The decision to sell the businesses was taken in principle as part of a strategy of moving out of low-margin "commodity" chemicals into higher- value, faster-growing and specialist products. ICI had already gone down that path with the acquisition of Unilever's speciality chemicals division for pounds 5bn in May.
Charles Miller Smith, ICI's chief executive, promised at the time of that deal to reduce the group's debts through a programme of disposals aimed at recouping pounds 3bn over three years. Roughly pounds 1bn is being raised by floating the group's 62.5 per cent stake in ICI Australia, details of which were revealed last week.
A deal with DuPont, which has long harboured ambitions to expand its presence in Europe, would achieve the promised disposals well ahead of schedule.
Profits in the industrial chemicals division have been hard hit by excess capacity and competition, sluggish growth and low prices world-wide. The division contributed only pounds 109m to operating profits last year, representing a profit margin of only 2.5 per cent.
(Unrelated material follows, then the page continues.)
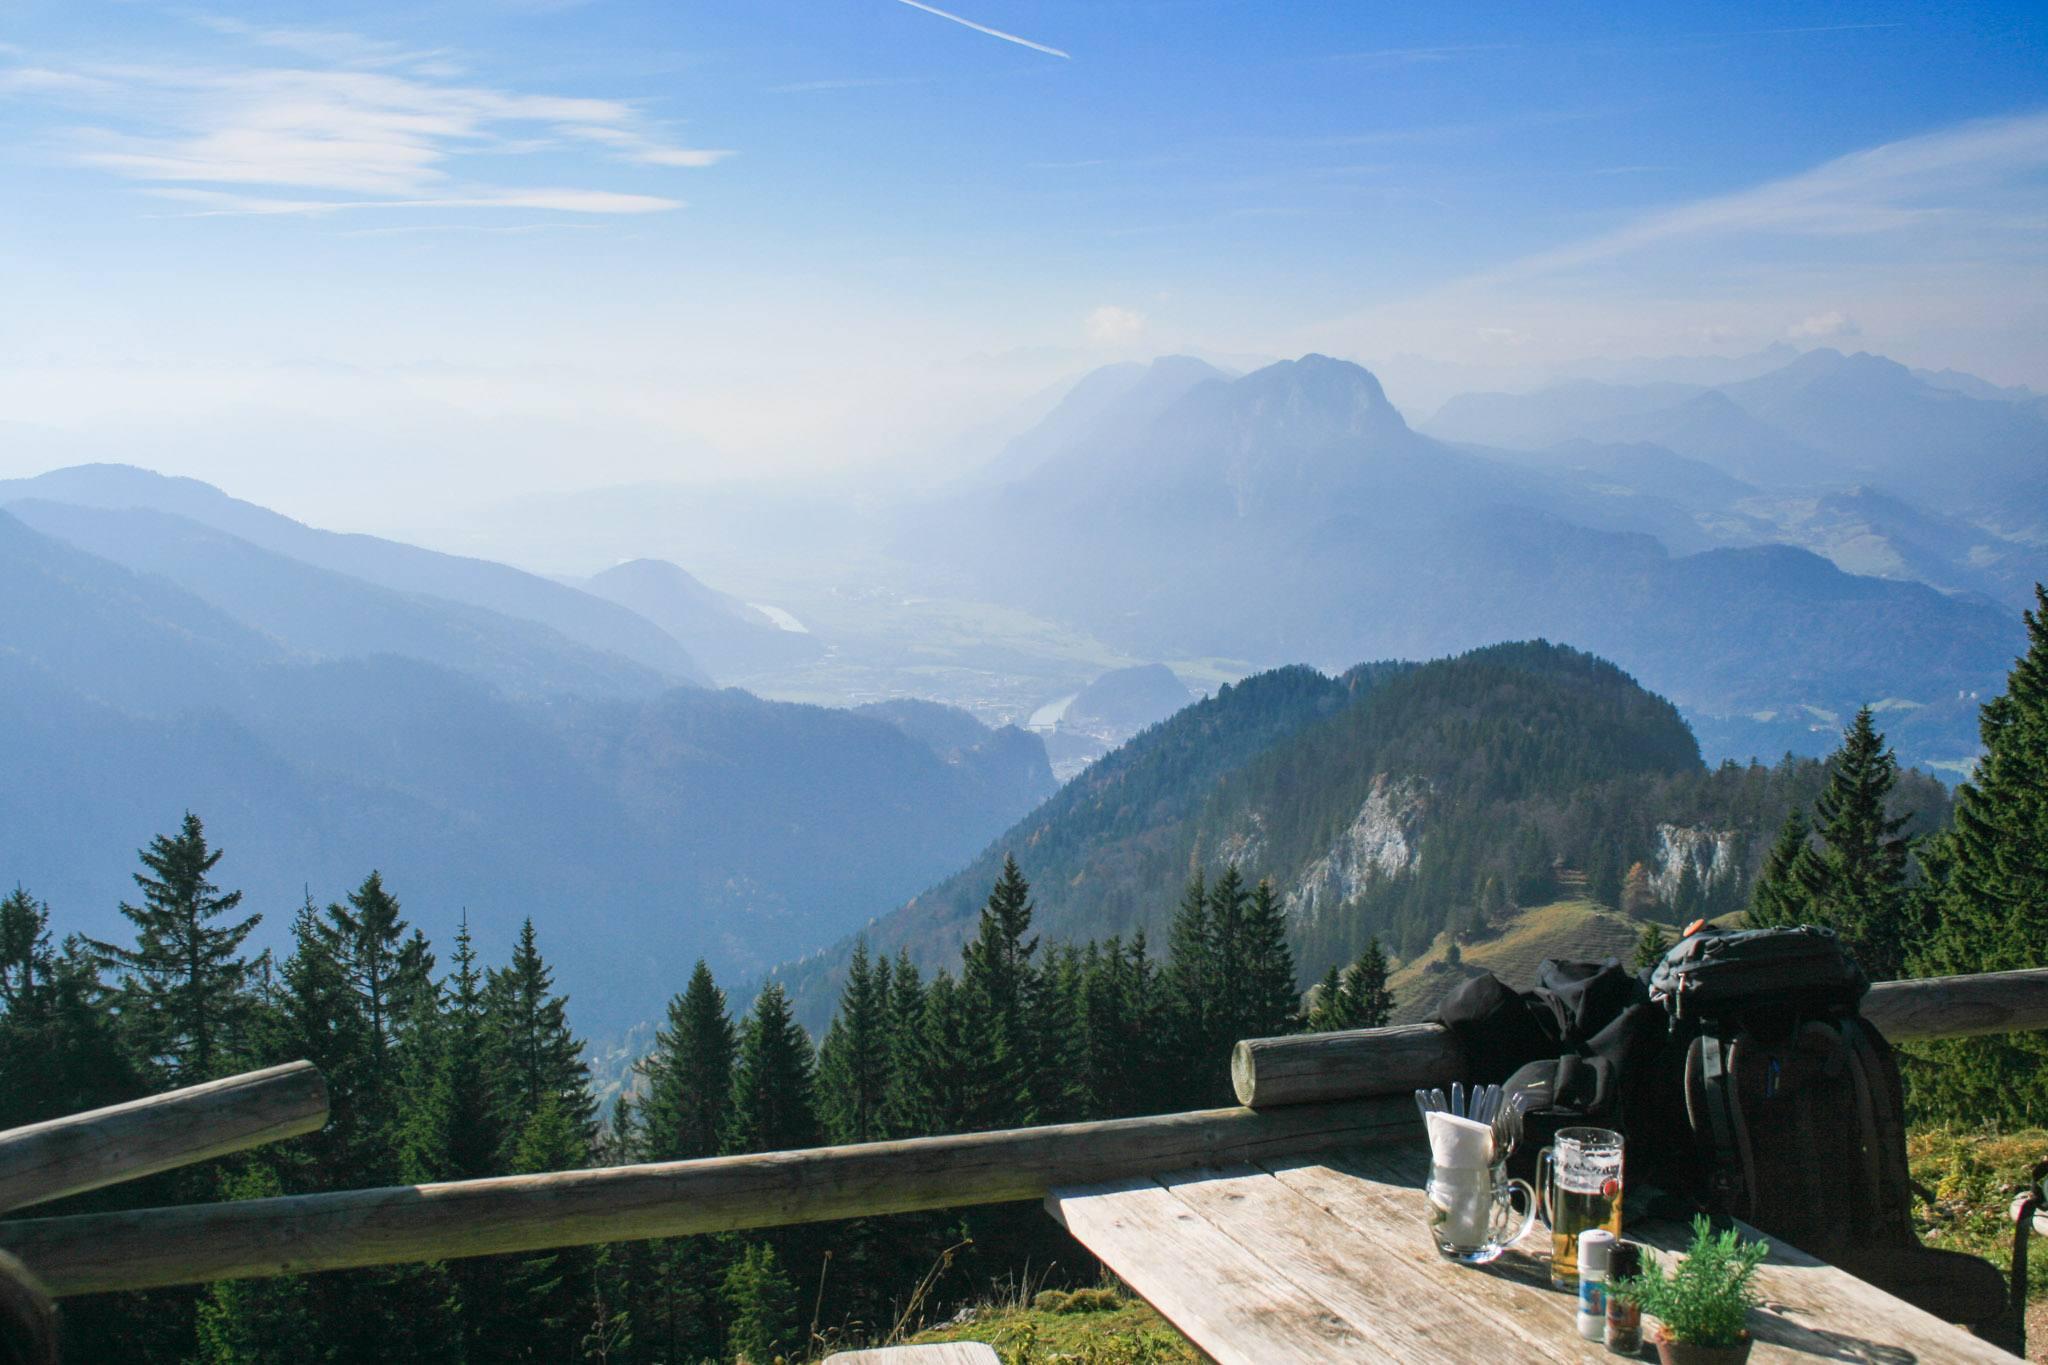 Ausblick vom Vorderkaiserfelden auf die Festung Kufstein

The industrial chemicals division employs 15,000 people world-wide and the proposals will inevitably raise fears of redundancies, especially on Teesside, at Runcorn and several smaller sites in the UK. The competitive pressures on the division have been compounded this year by the strong pound.
A deal between the two companies would not be unprecedented. In an earlier agreement, ICI acquired DuPont's acrylics business while the American company took over ICI's fibres plant on Teesside.
Other businesses thought to be part of the sale include ICI Chemicals & Polymers.